Available records:
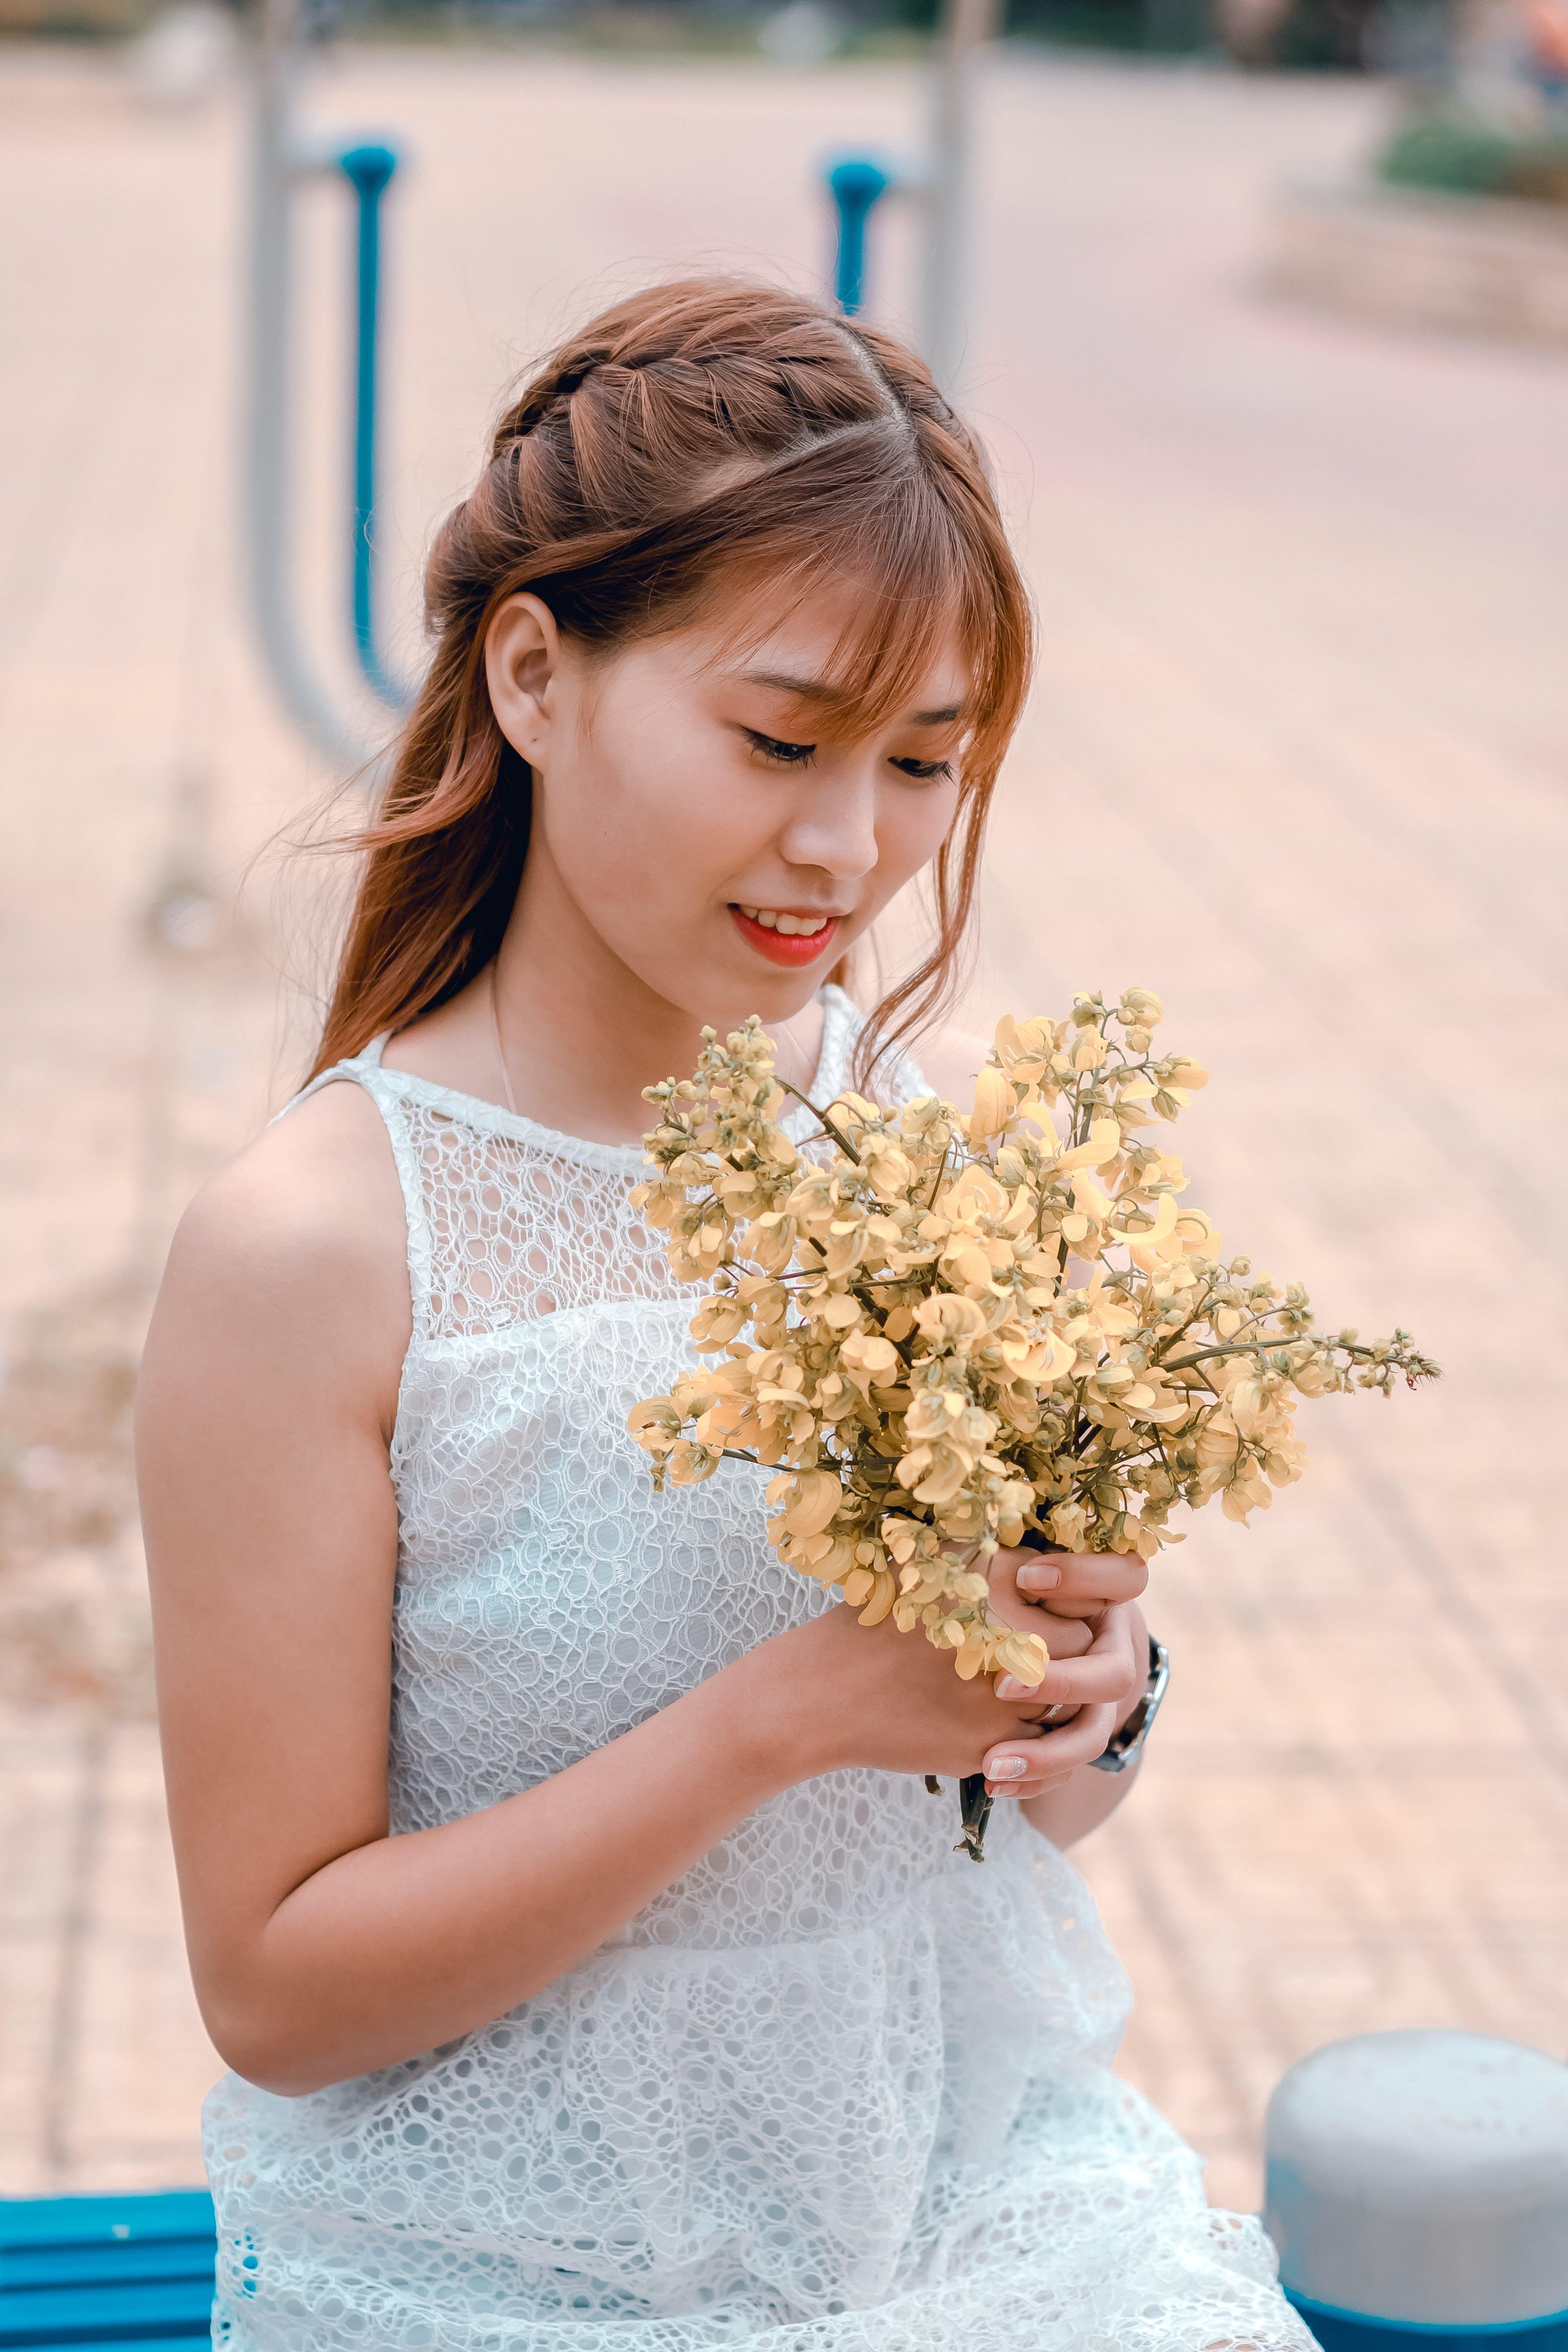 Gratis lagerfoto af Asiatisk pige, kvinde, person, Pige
==
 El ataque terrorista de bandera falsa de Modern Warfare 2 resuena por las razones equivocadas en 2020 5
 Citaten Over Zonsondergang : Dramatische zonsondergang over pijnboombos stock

Required work: Begin at the line that has "El ataque terrorista" in the entries above; stop after the line that has "Citaten Over Zonsondergang". Transcribe exactly those lines and no others.

Response:
 El ataque terrorista de bandera falsa de Modern Warfare 2 resuena por las razones equivocadas en 2020 5
 Citaten Over Zonsondergang : Dramatische zonsondergang over pijnboombos stock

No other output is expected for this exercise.